START SOURCE DATA

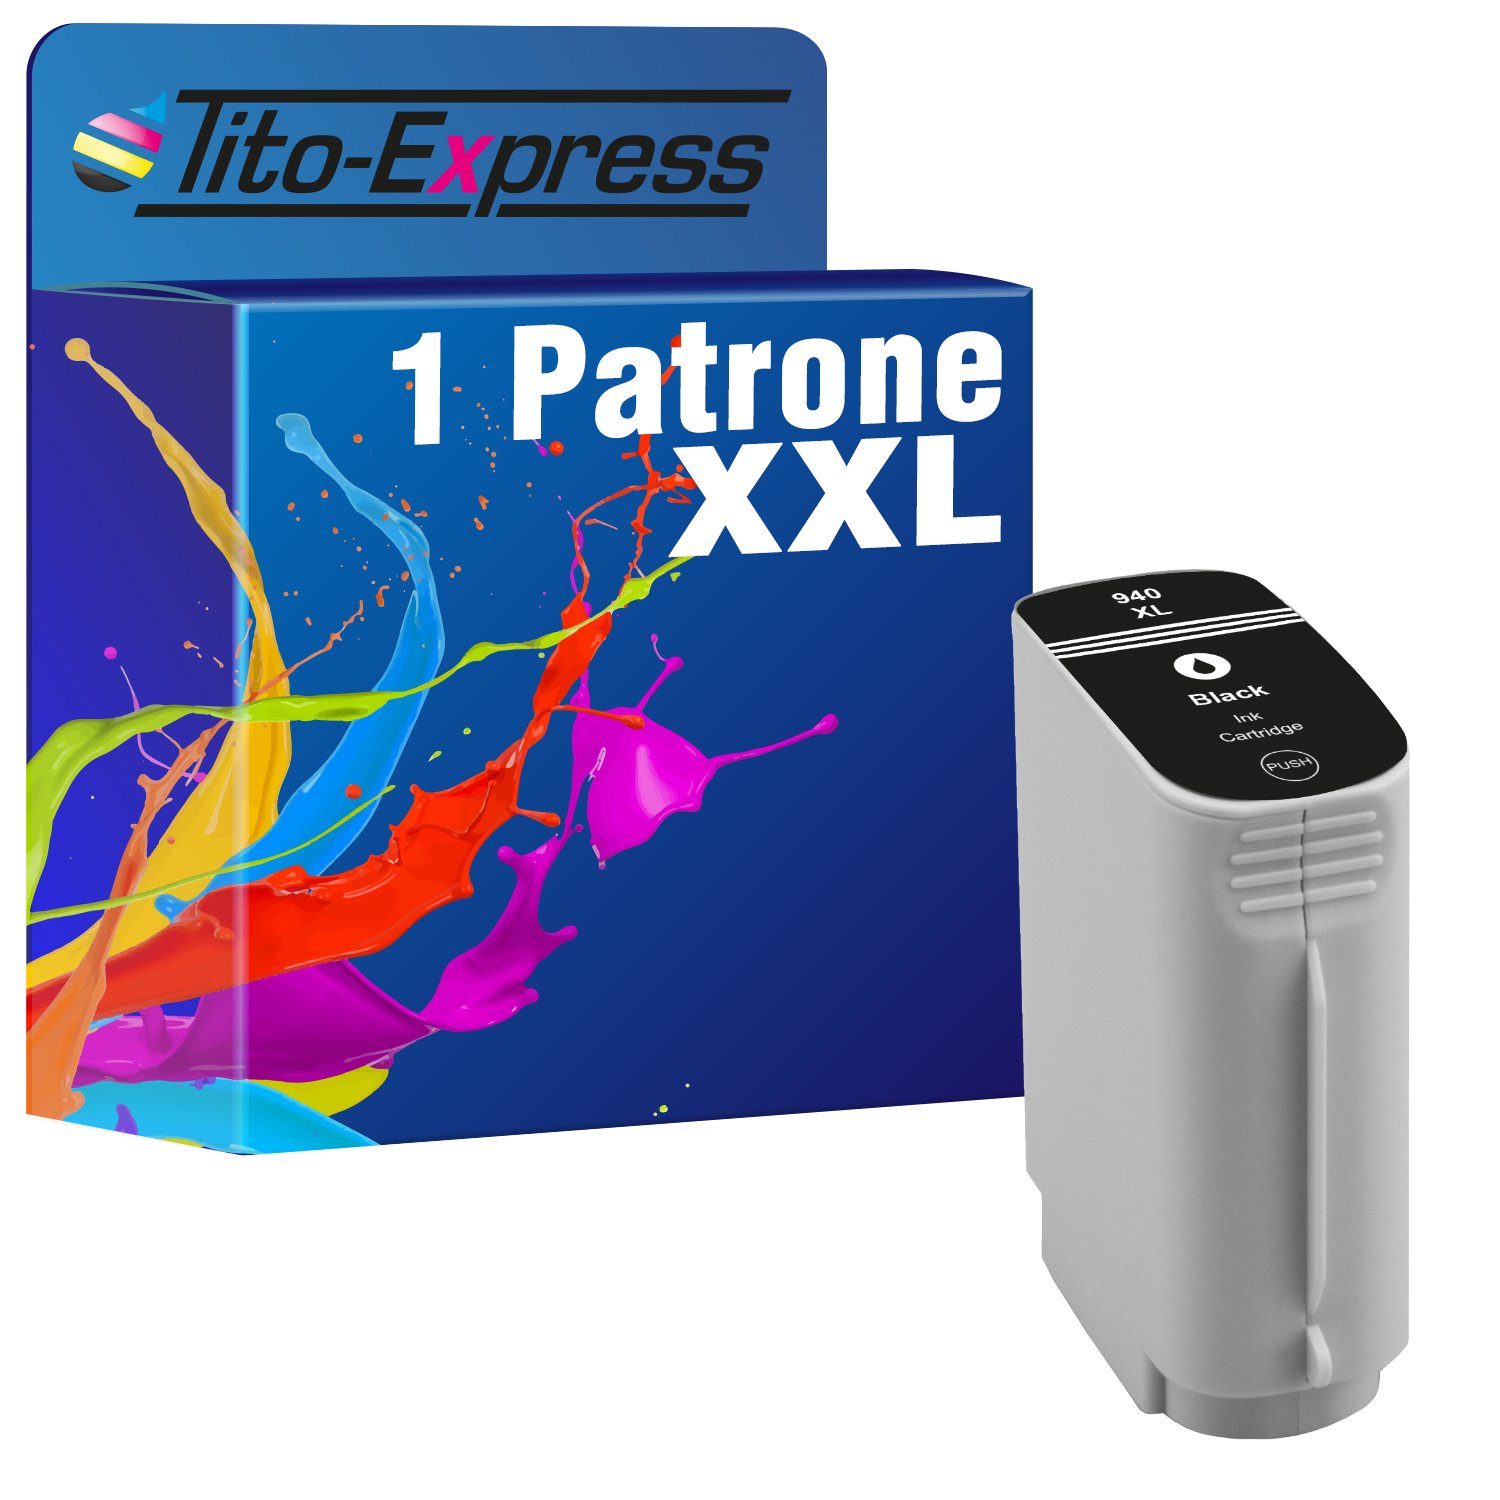 8500A Pro HP ersetzt Wireless Black Enterprise XL 8000 OfficeJet (für Premium) 940 Plus Tintenpatrone 8500 A Tito-Express 940XL
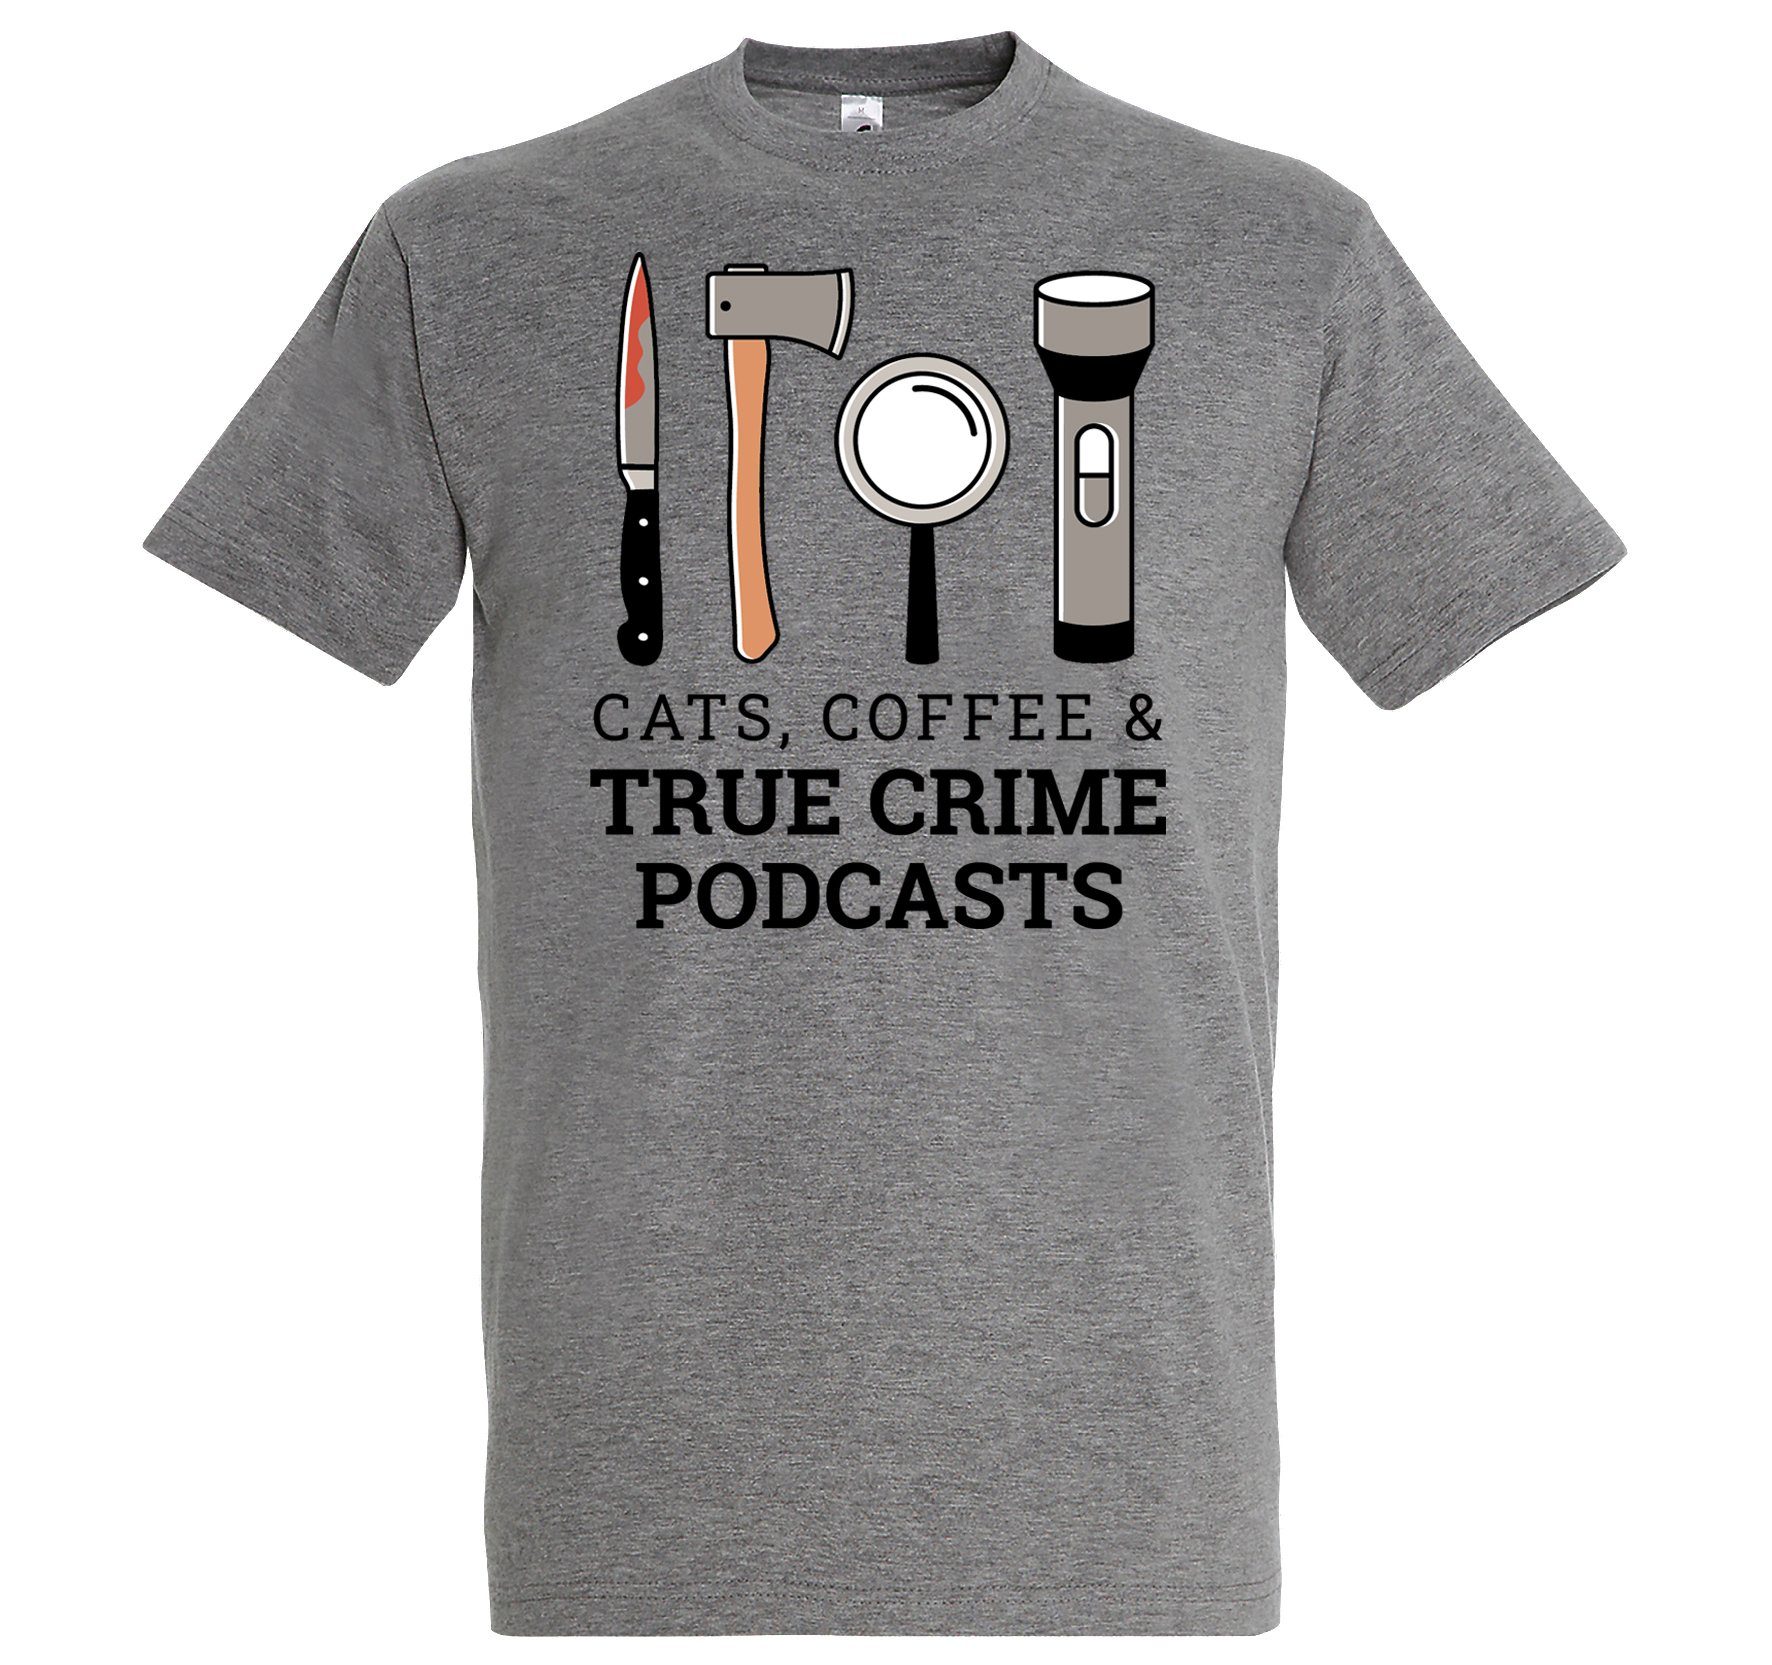 Youth Designz T-Shirt CATS COFFEE & TRUE CRIME PODCASTS Herren Shirt Mit Lustigem Aufdruck Grau
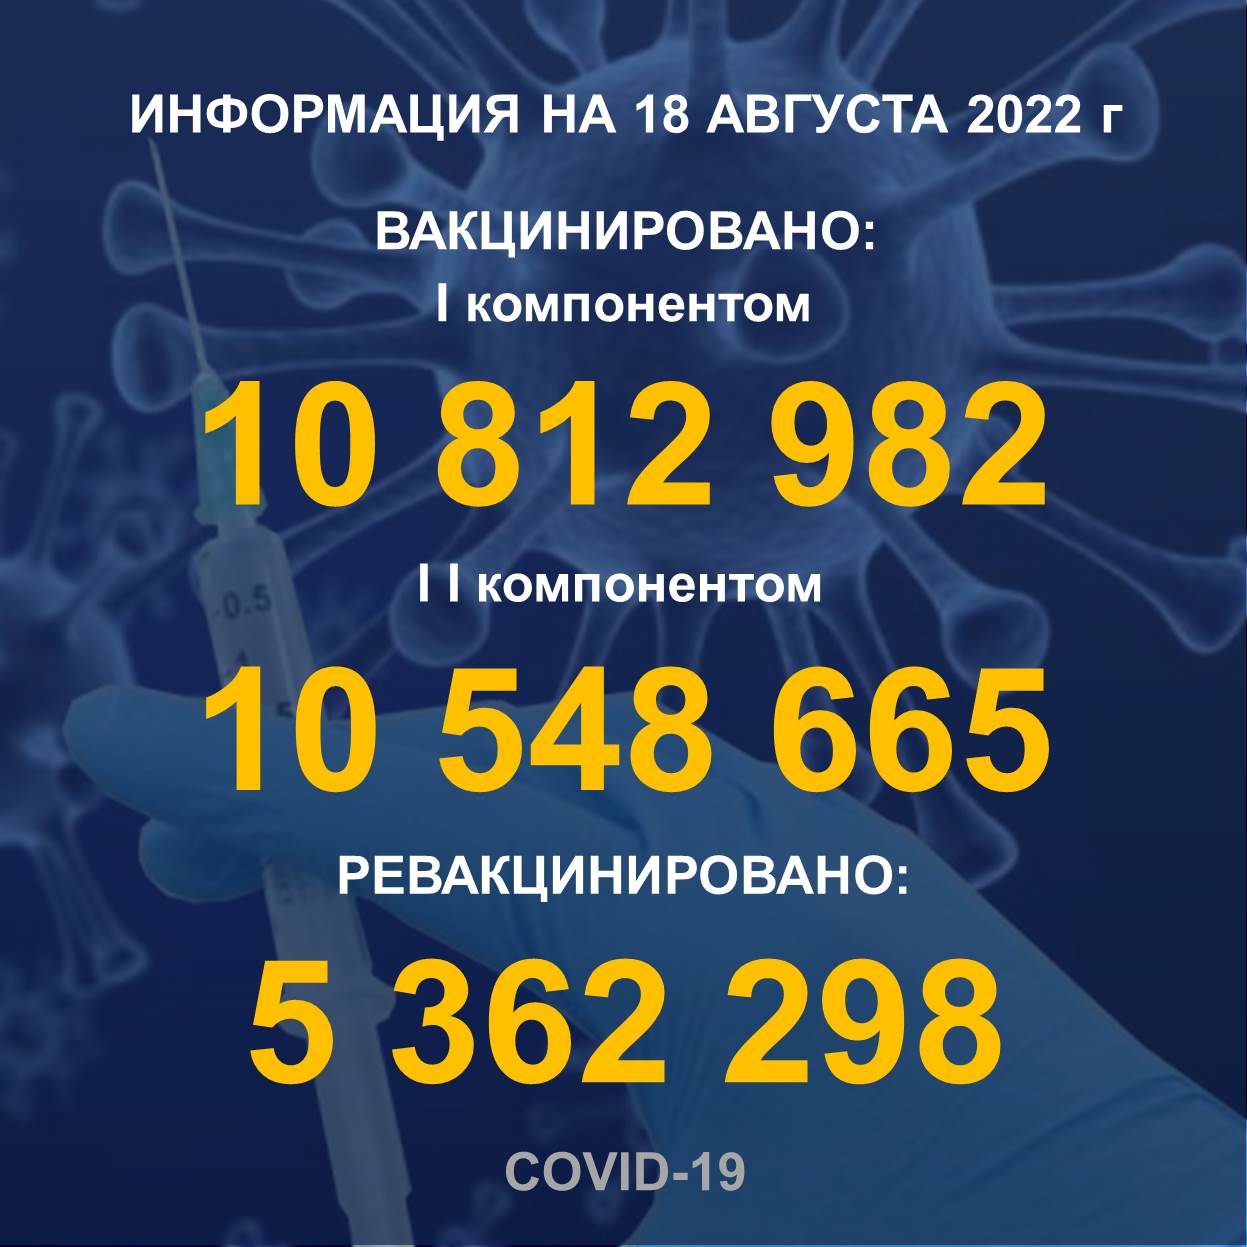 I компонентом 10 812 982 человек провакцинировано в Казахстане на 15.08.2022 г, II компонентом 10 548 665 человек. Ревакцинировано – 5 362 298

END SOURCE DATA

YOUR INSTRUCTIONS:
Restate the data above verbatim, skipping every image.

ANSWER FOR THIS EXERCISE:
 8500A Pro HP ersetzt Wireless Black Enterprise XL 8000 OfficeJet (für Premium) 940 Plus Tintenpatrone 8500 A Tito-Express 940XL
 Youth Designz T-Shirt CATS COFFEE & TRUE CRIME PODCASTS Herren Shirt Mit Lustigem Aufdruck Grau
 I компонентом 10 812 982 человек провакцинировано в Казахстане на 15.08.2022 г, II компонентом 10 548 665 человек. Ревакцинировано – 5 362 298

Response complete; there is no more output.